The question that we need to ask is — "Is there temporal and spatial locality in memory accesses?". If there is some degree of temporal and spatial locality, then we can possibly do some critical optimizations that will help us solve the twin problems of large memory requirement, and low latency. In computer architecture, we typically rely on such properties such as temporal and spatial locality to solve our problems.

## 11.1.3 Temporal and Spatial Locality of Instruction Accesses

The standard approach for tackling this problem, is to measure and characterize locality in a representative set of programs such as the SPEC benchmarks (see Section 10.9.4). Let us first

start out by dividing memory accesses into two broad types – instruction and data. Instruction accesses are much easier to analyze informally. Hence, let us look at it first.

Let us consider a typical program.

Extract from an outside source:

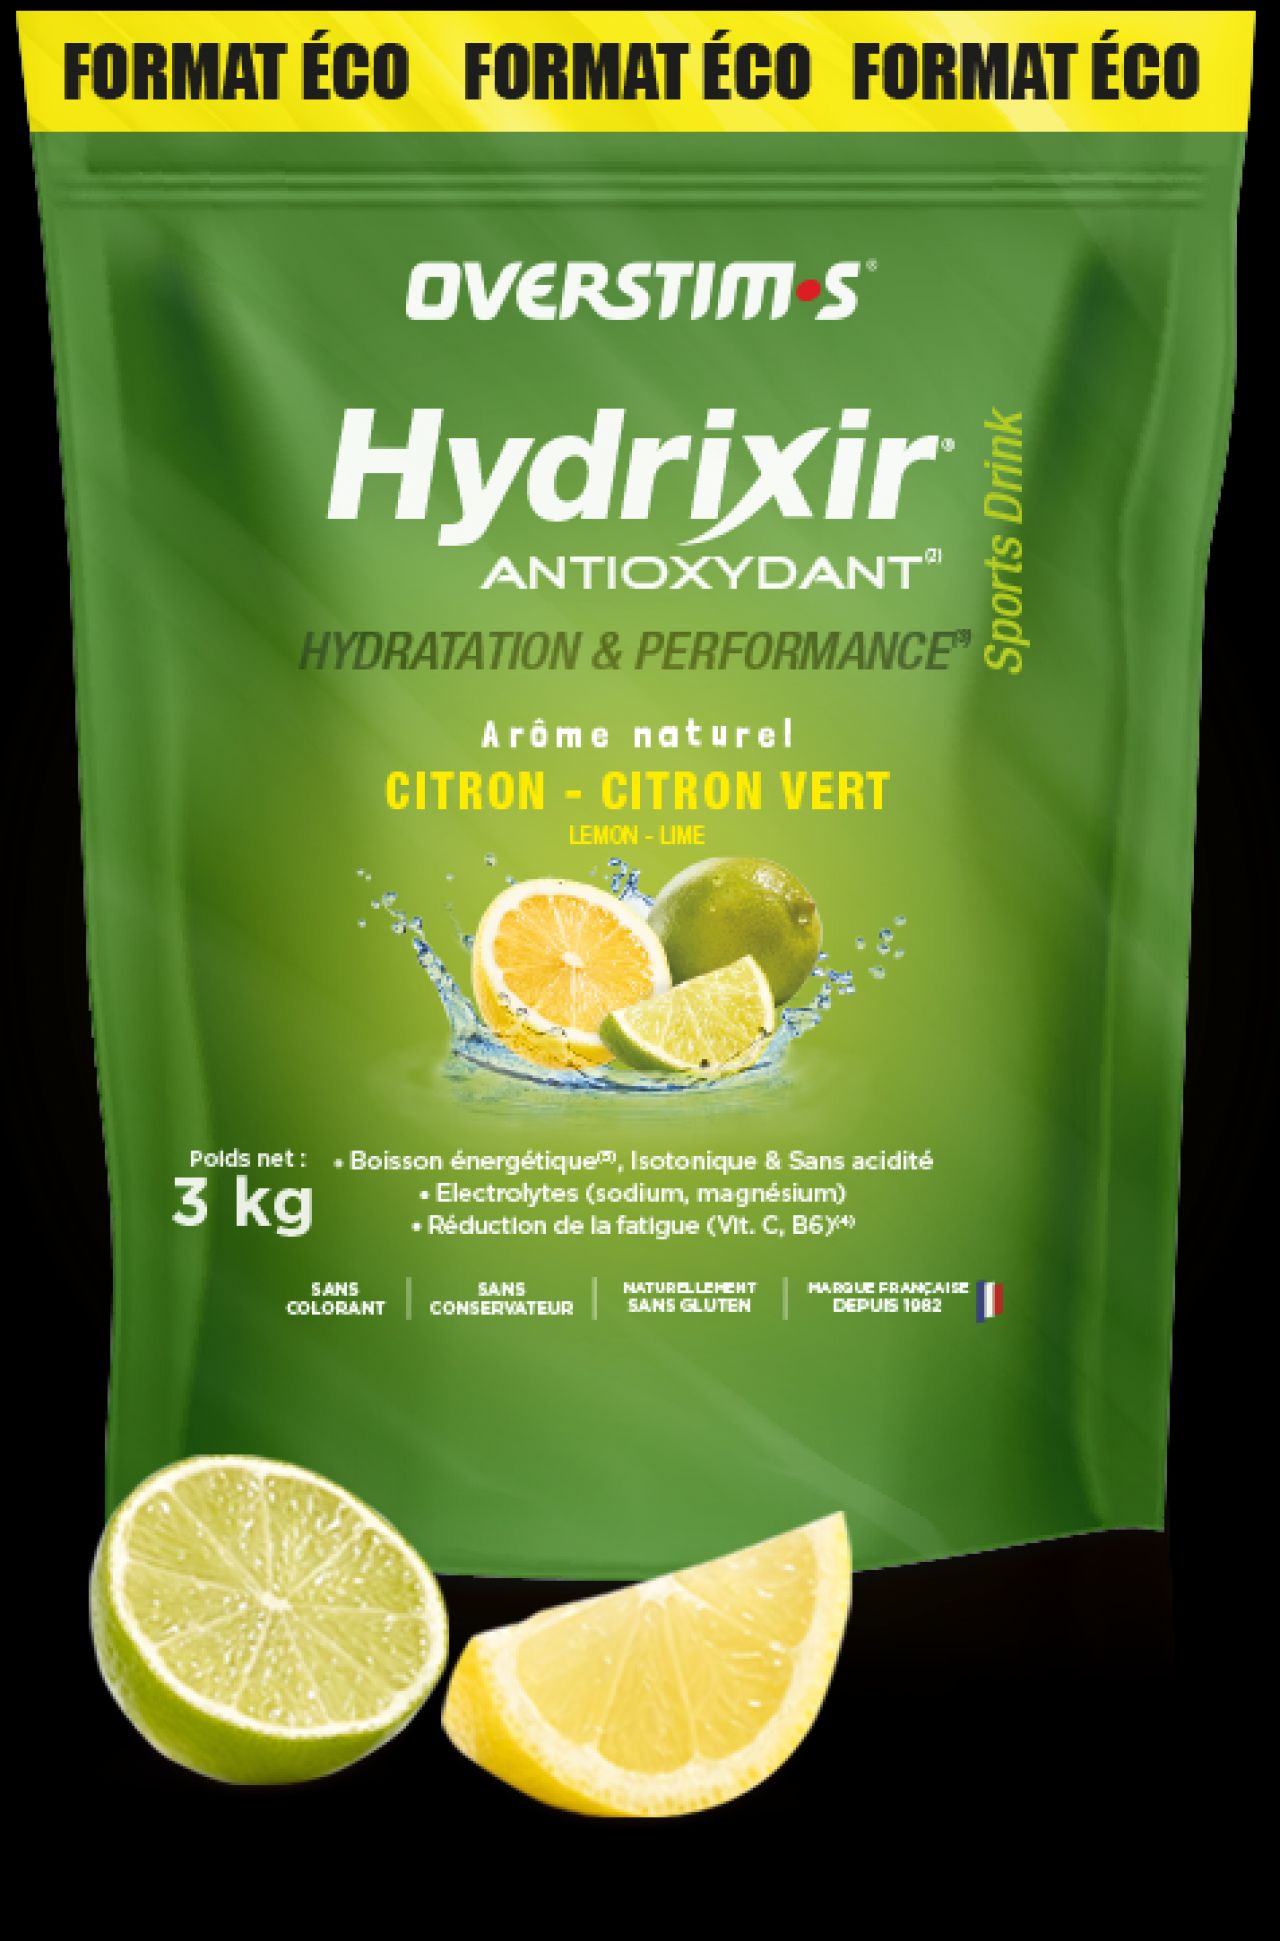 HYDRIXIR antioxyadant CITRON CITRON VERT 3KG FORMAT ECO

It has assignment statements, decision statements (if,else), and loops. Most of the code in large programs is part of loops or some pieces of common code. There is a standard rule of thumb in computer architecture, which states that 90% of the code runs for 10% of time, and 10% of the code runs for 90% of the time. Let us consider a word processor. The code to process the user's input, and show the result on the screen runs much more frequently than the code for showing the help screen. Similarly, for scientific applications, most of the time is spent in a few loops in the program. In fact for most common applications, we find this pattern. Hence, computer architects have concluded that temporal locality for instruction accesses holds for an overwhelming majority of programs.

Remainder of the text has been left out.